The party didn’t start well for me and my feet. My husband had dropped us off at the gate of the house and driven further up the mountain to park.

When he arrived a few minutes later on foot, he exclaimed “Oh shit! I forgot the present!”

“So when I rang you and asked you to bring the sunscreen ‘as well’ what did you think the ‘as well’ referred to??” I grumbled.

“Um… ‘as well as my good self’?” my husband ventured.

Somehow, I ended up trekking back up to the car to get the present. On a loose gravel track. In my heels. It was like I’d been sent to High Heels Boot Camp. And yes, it was a pity I wasn’t wearing these Dr Marten high heeled boots because that would have made that metaphor very tidy. Very tidy indeed.

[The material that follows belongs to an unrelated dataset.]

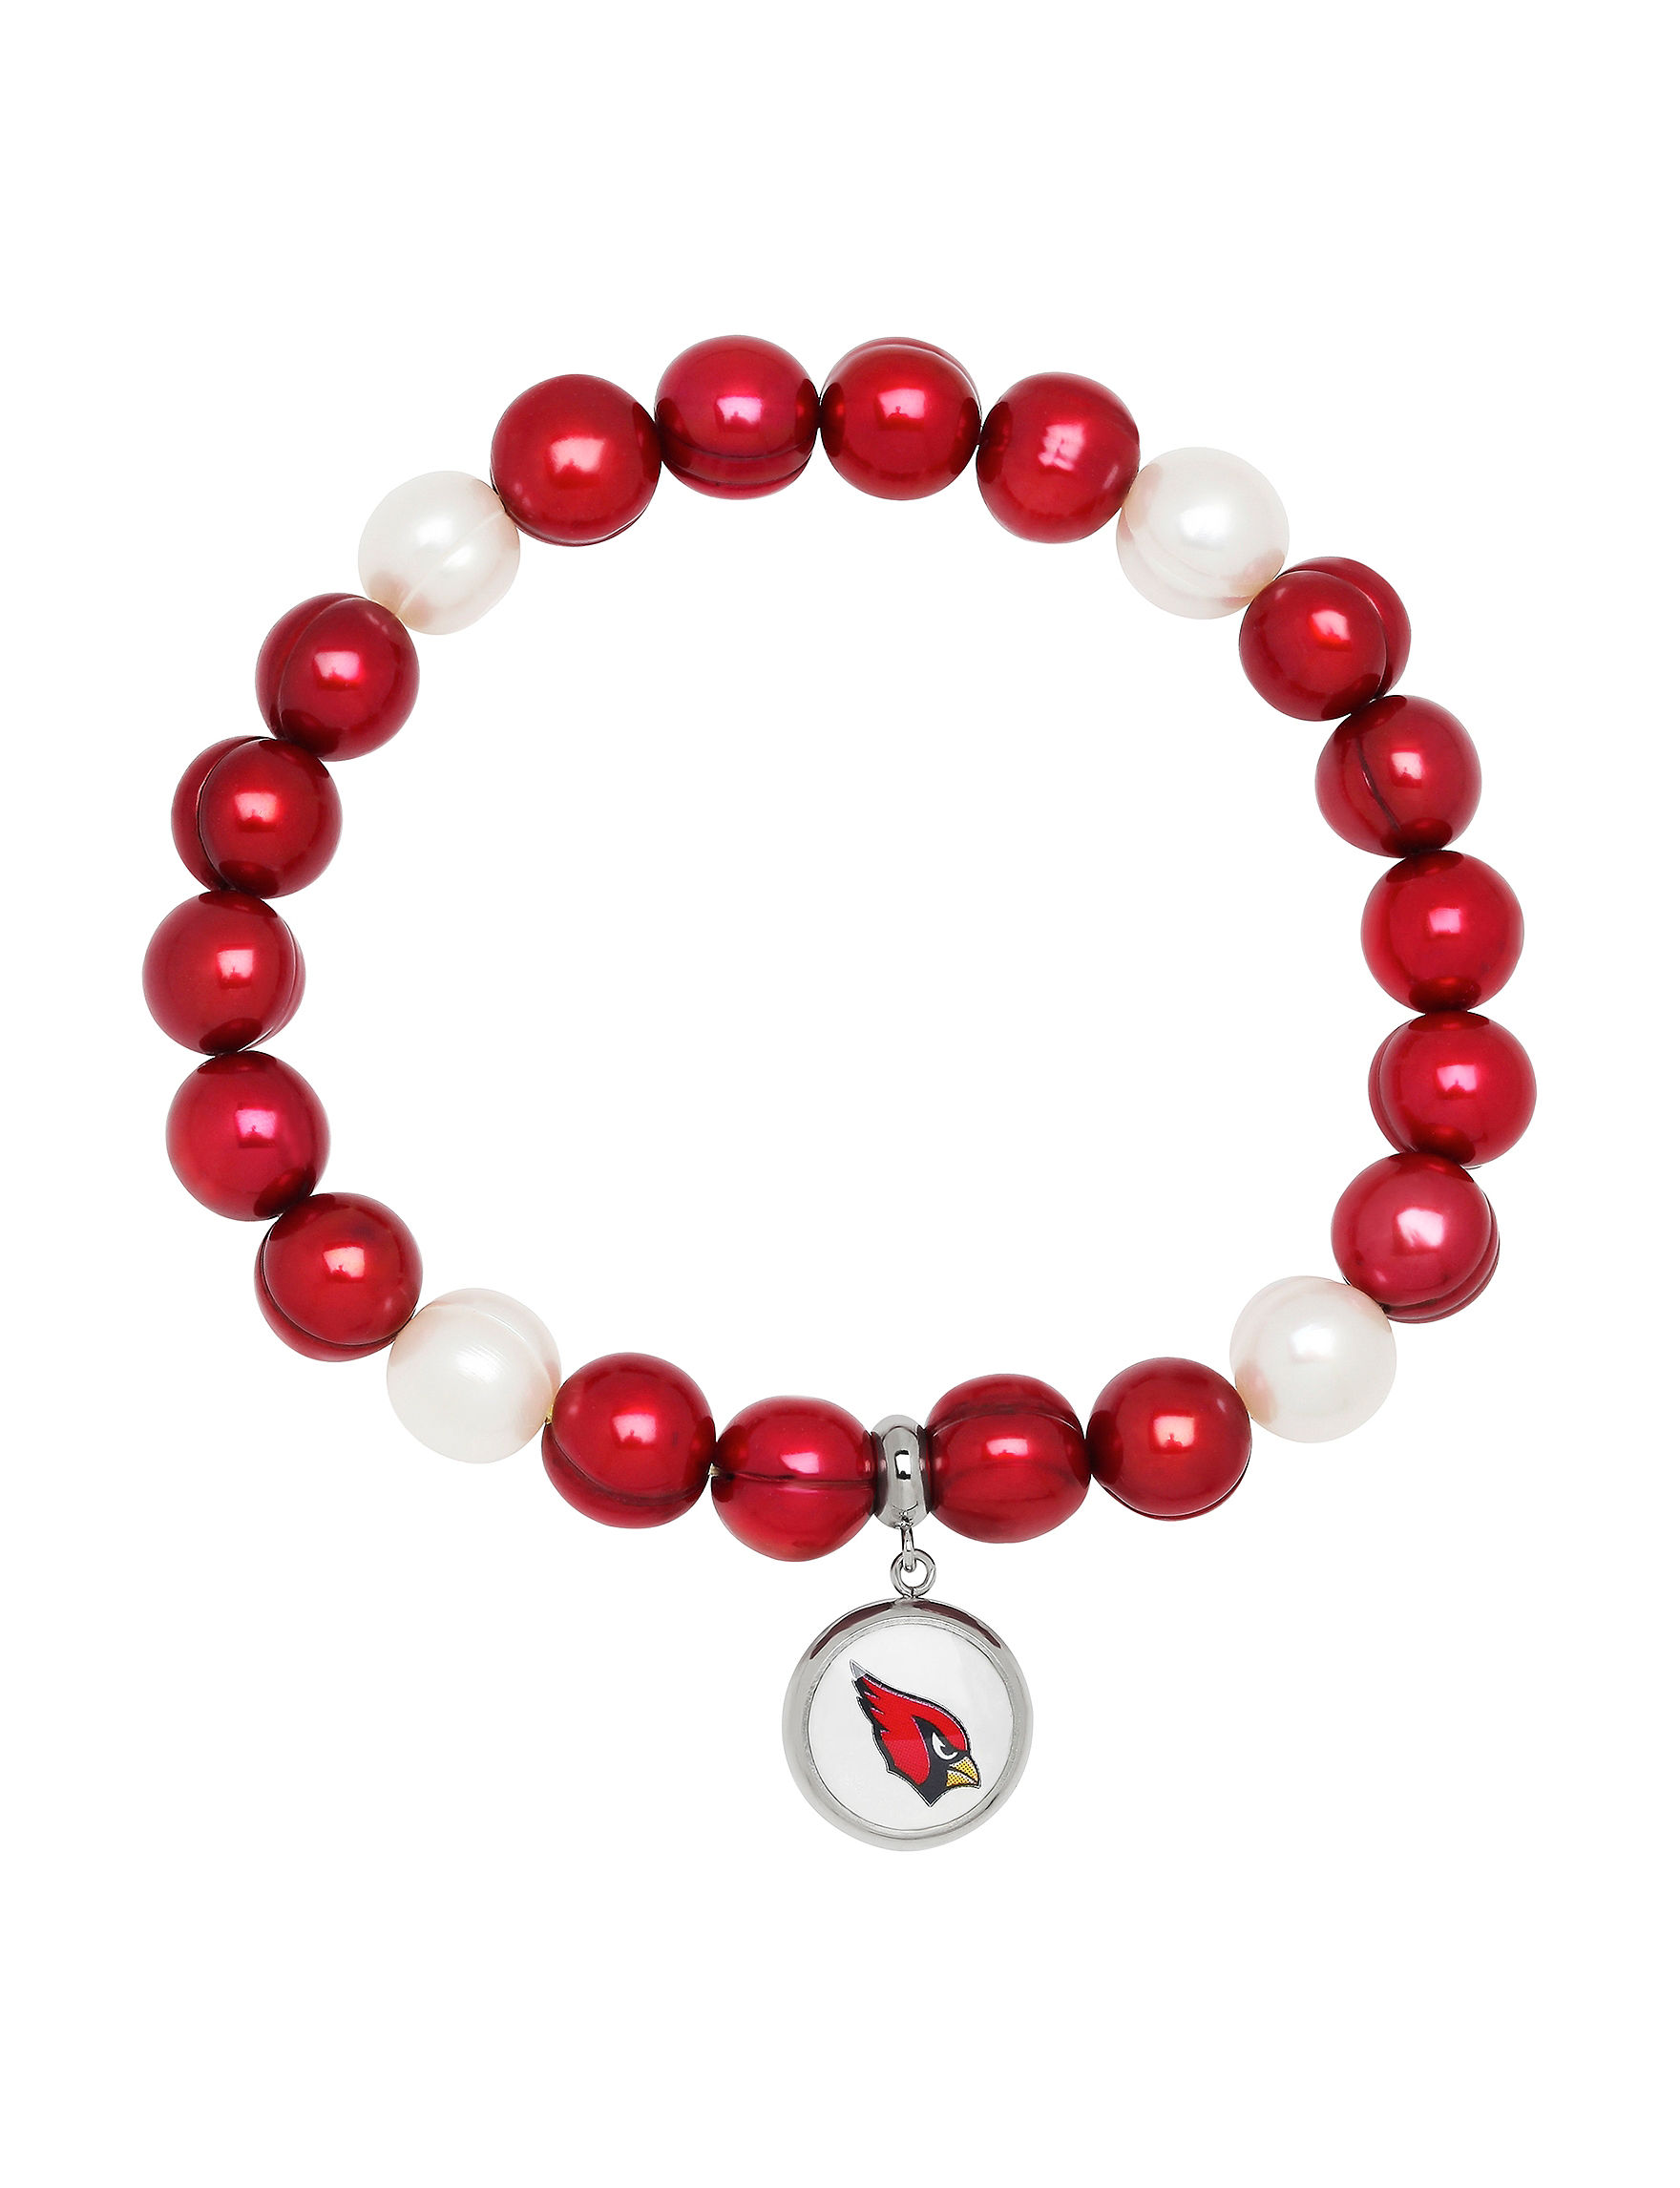 Aurafin Oro America Red / White Bracelets Charms Fashion Jewelry NFL

Anyway, this set the tone for the rest of the party – an otherwise beautiful event – where I endlessly hiked up and down steep pathways with the kids, who had been drinking from a never ending fountain of soft drinks and needed to do toilet trip after toilet trip in the house at the bottom of the mountain. Moreover, I had to carry Tiddles McGee up and down the mountain, because he’d conveniently fallen into a pond in the first five minutes of the party and spent the rest of the time barefoot and rockin’ a toga fashioned from a bath towel. Which was the kind of thing I’d normally expect my husband to do, quite frankly.

Needless to say, by the end of the afternoon, my feet were knackered. I had adopted the gait of a novice stilt walker with an ear infection who’d gotten rat-arsed drunk while taking antibiotics for said ear infection. Which is always a good look at an afternoon garden party.

And of course, I had another party to go to – without any chance to go home and change my shoes. When my husband dropped me off in town, I immediately set off to buy some band-aids. Eight blocks later, I realised this was doing far more damage than good because the party was in a restaurant and all I was going to be doing was sitting and drinking and eating and chatting and the only walking I’d have to do was to the toilets, which ended up being conveniently and mercifully situated four steps away. I say “mercifully” here not just because of my feet, but also the fact that later in the evening I managed to emerge from the toilets with my bodice sash tucked into my knickers, thus parting the front of my dress like a pair of goddamn curtains. Which is always a good look at a fancy restaurant.

And actually, now I think about it, it’s something I should have done much earlier in the day to take my mind off my aching feet. There’s nothing like the pain of embarrassment to negate the pain of a hard-earnt blister.

In fact, now that I think about it further, I should have just thrown myself in the pond after Tiddles and made my husband and a team of his friends carry me in my towel-toga up and down the mountain in a sedan chair. Or, indeed, skipped the pond all together and demanded the sedan chair anyway.

And I pride myself on being an Ideas Person. Sheesh.